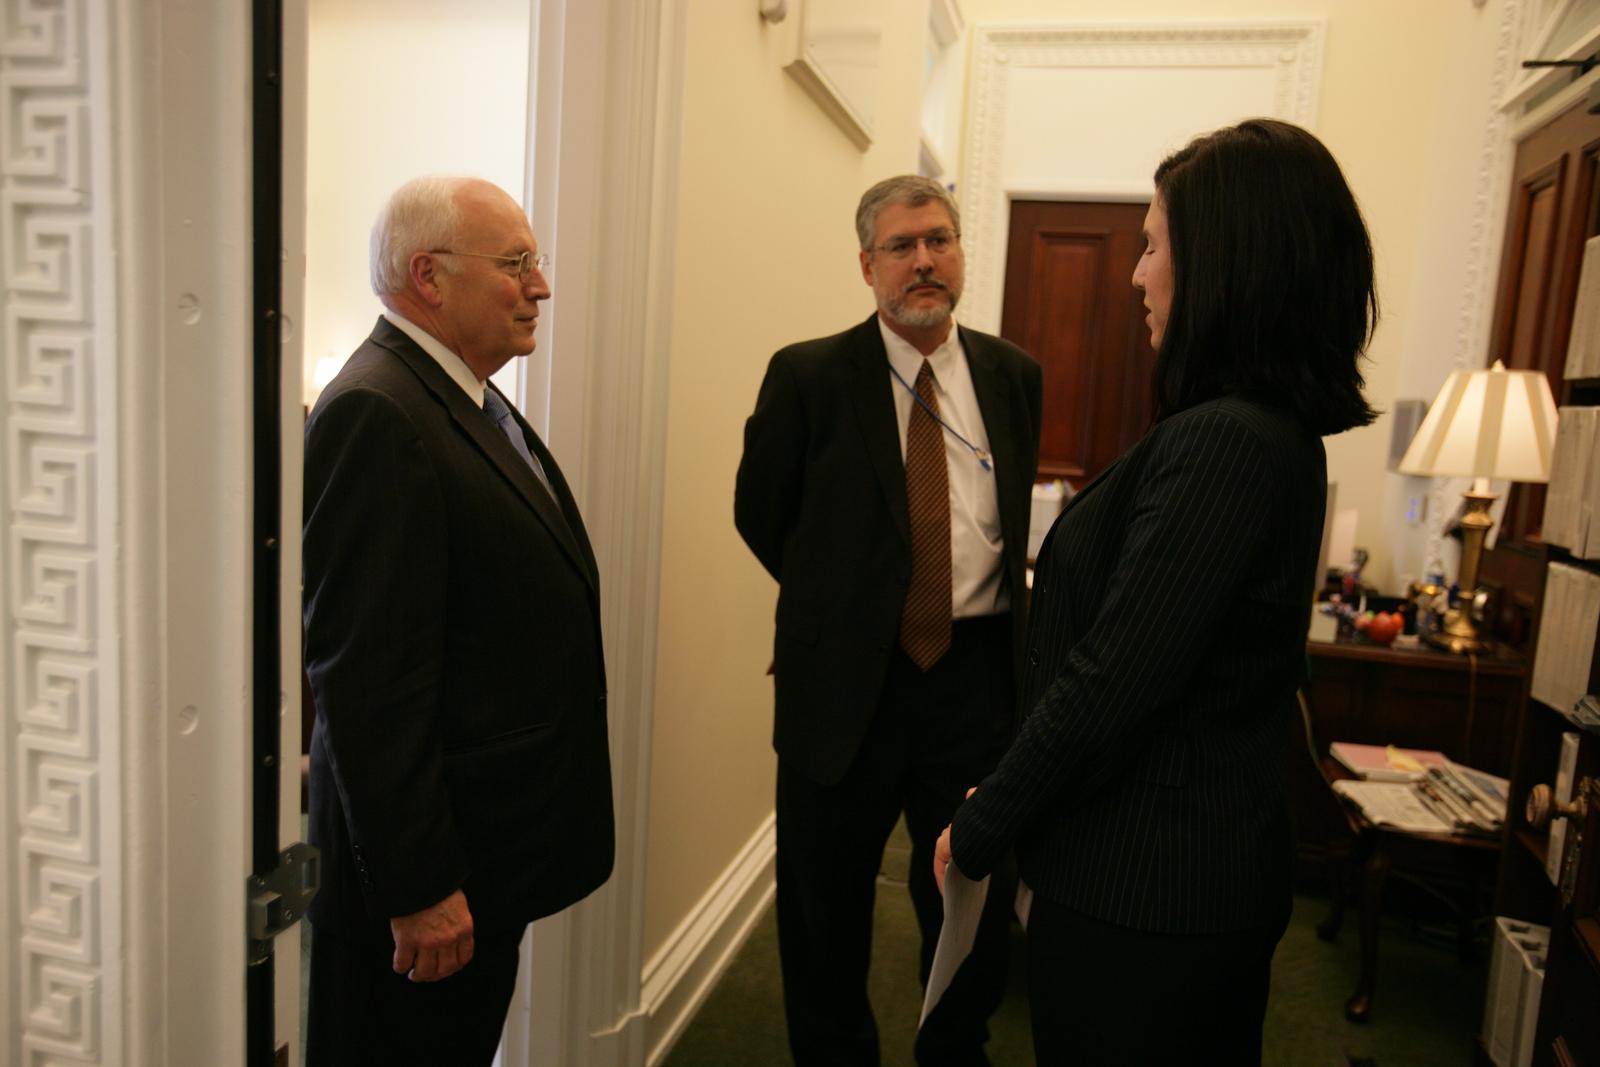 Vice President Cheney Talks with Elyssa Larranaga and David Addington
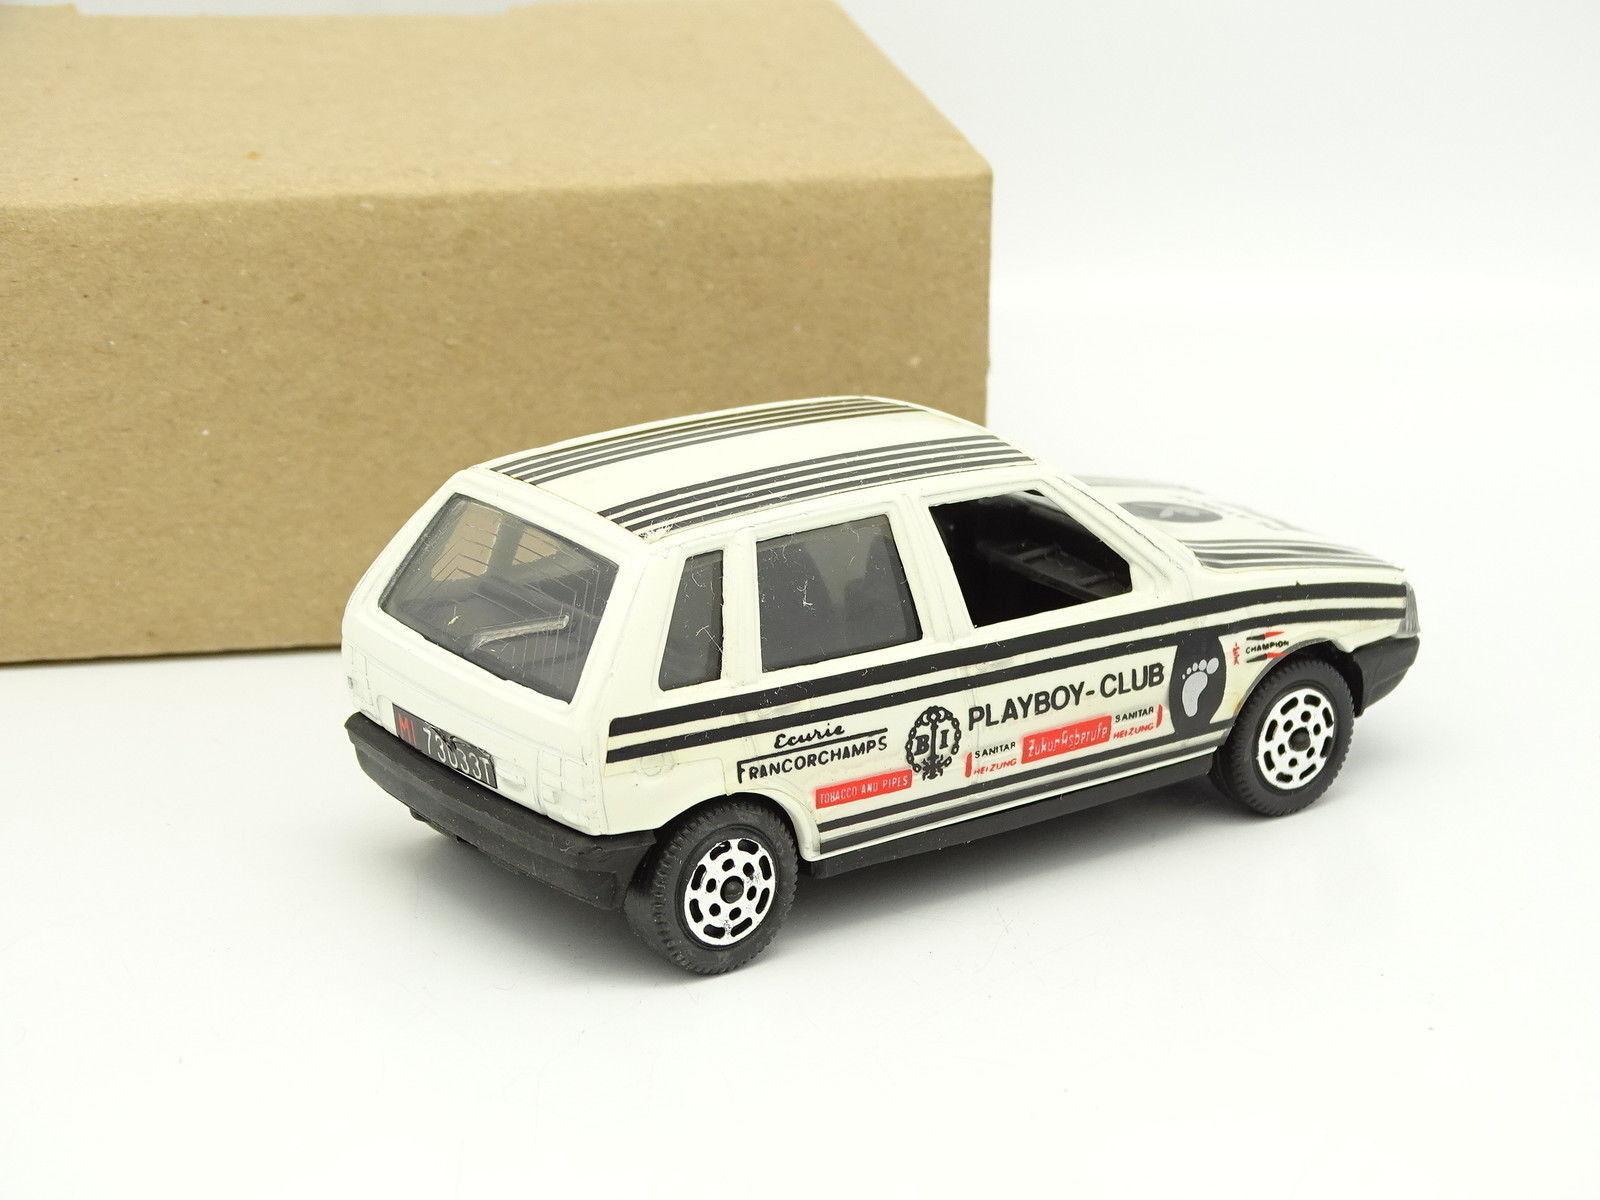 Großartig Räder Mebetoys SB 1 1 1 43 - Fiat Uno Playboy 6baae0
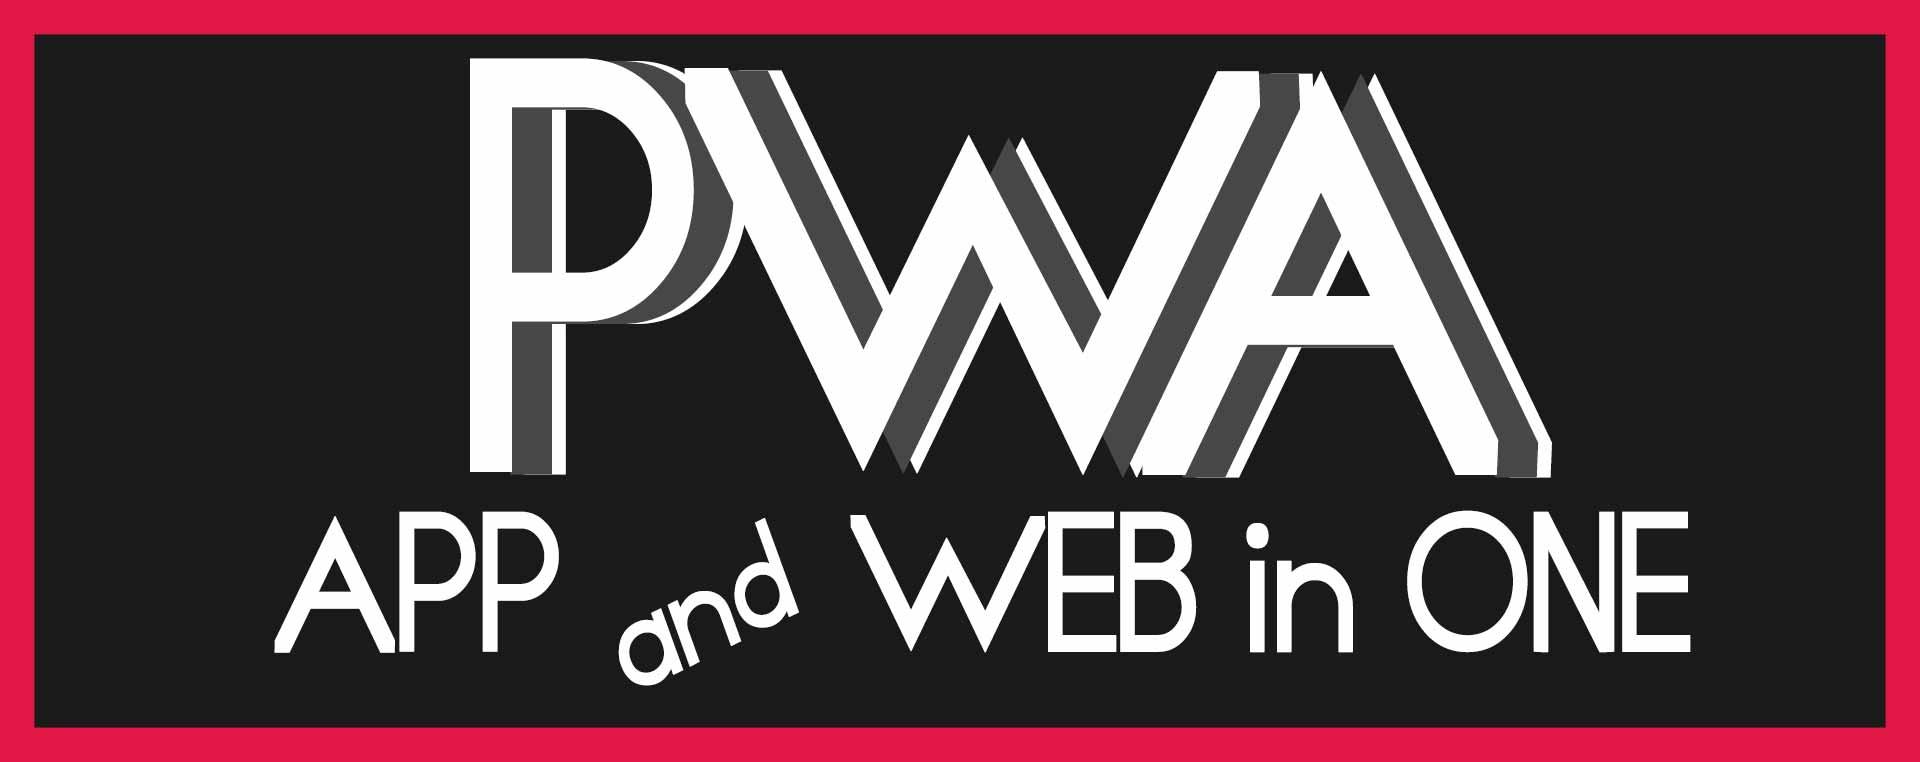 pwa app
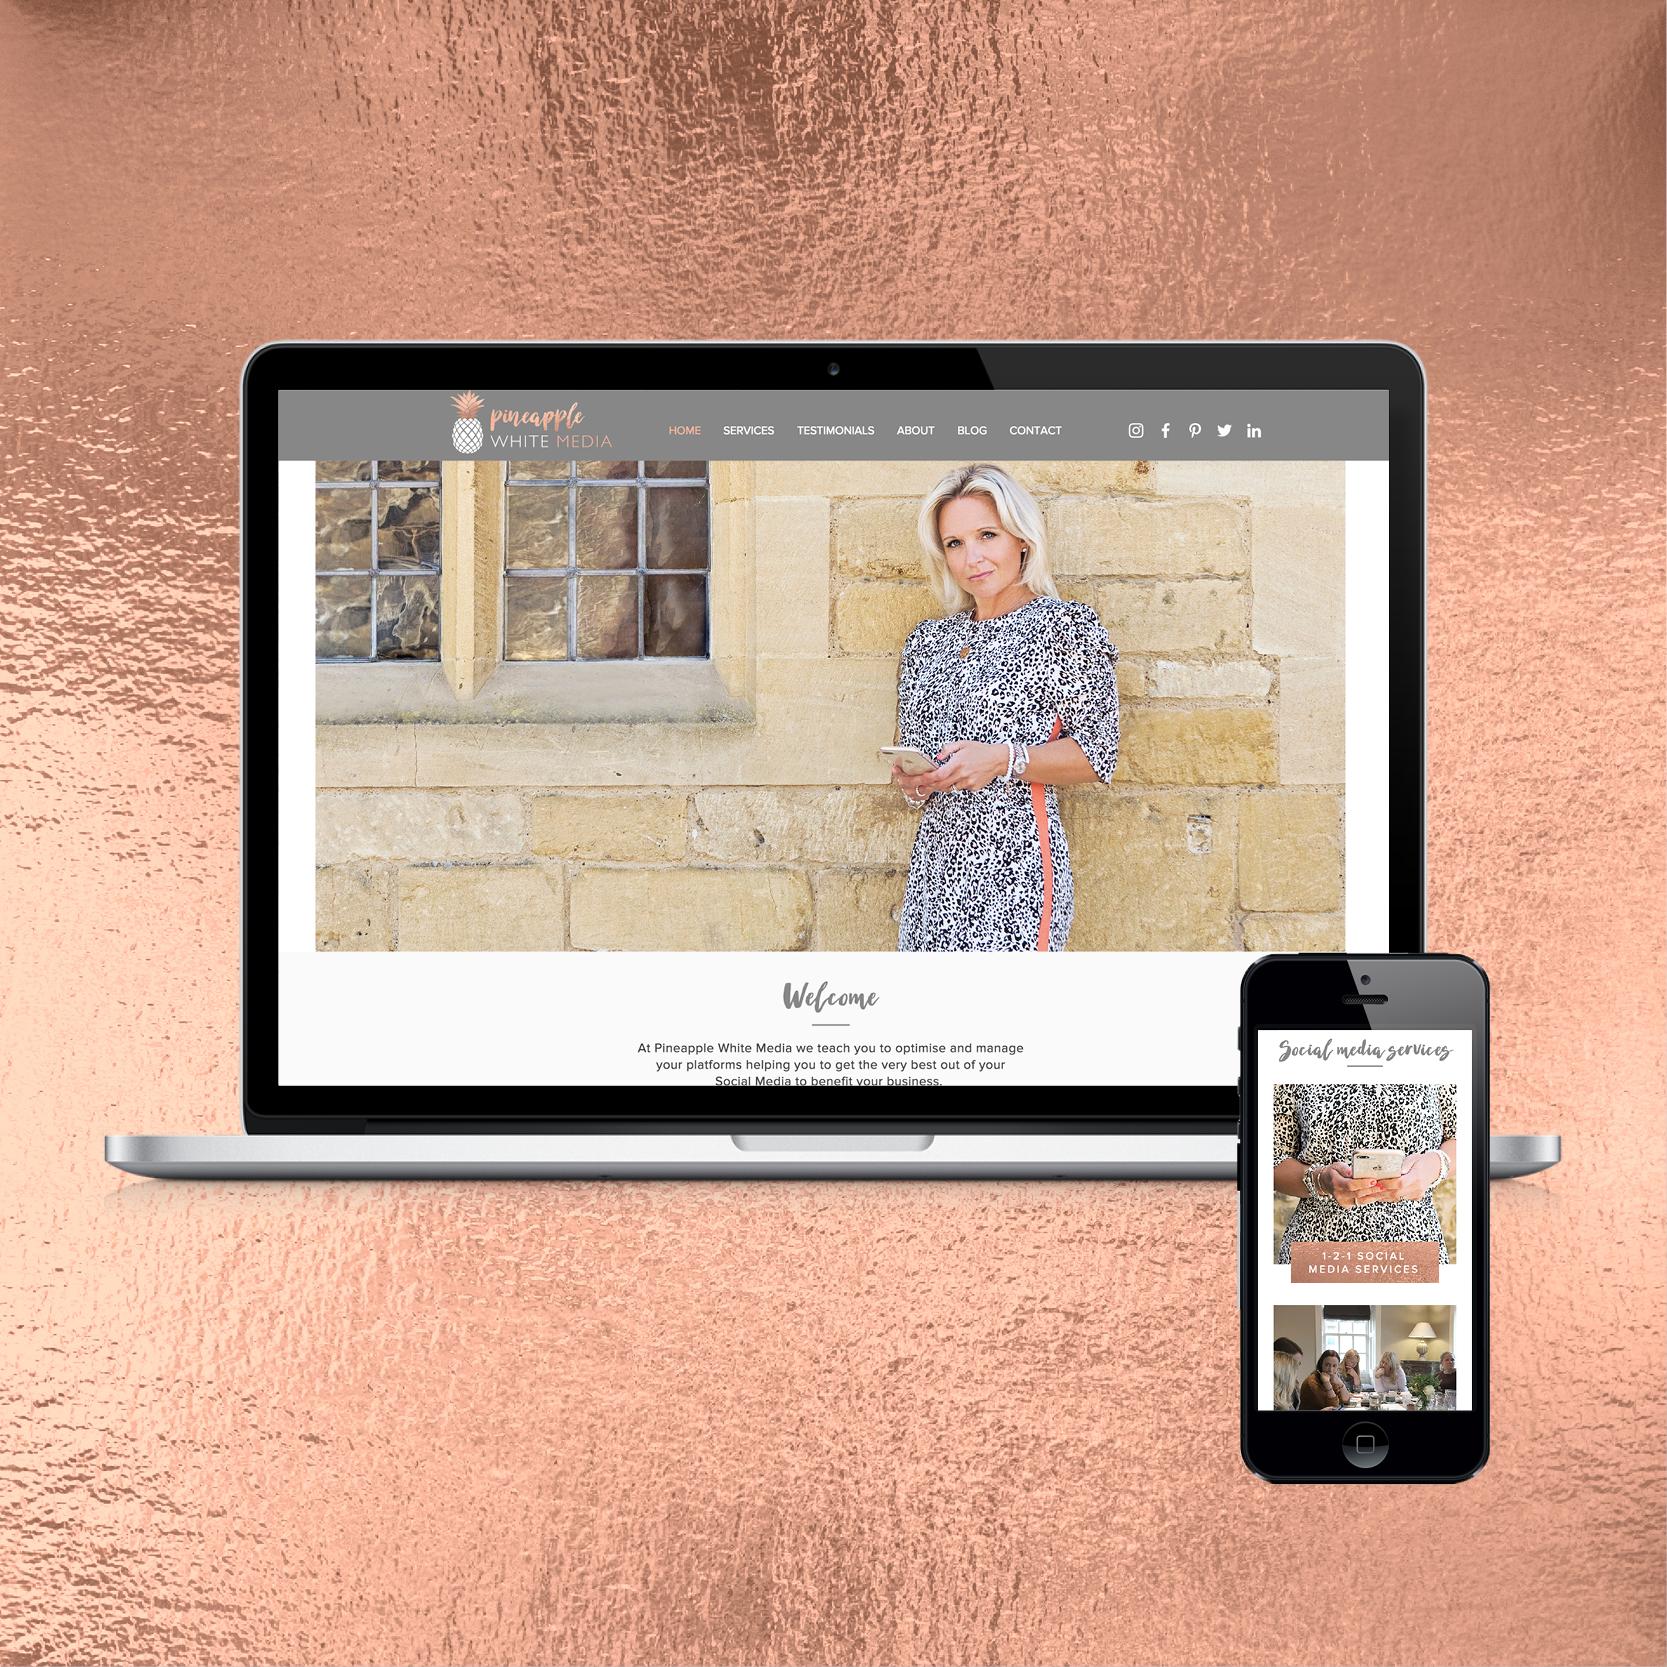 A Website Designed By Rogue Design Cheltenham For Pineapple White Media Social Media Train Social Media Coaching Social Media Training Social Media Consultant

————

## TASK TO COMPLETE
The whole listing should be transcribed exactly, though its pictures must be left out.

## EXERCISE SOLUTION
 Vice President Cheney Talks with Elyssa Larranaga and David Addington
 Großartig Räder Mebetoys SB 1 1 1 43 - Fiat Uno Playboy 6baae0
 pwa app
 A Website Designed By Rogue Design Cheltenham For Pineapple White Media Social Media Train Social Media Coaching Social Media Training Social Media Consultant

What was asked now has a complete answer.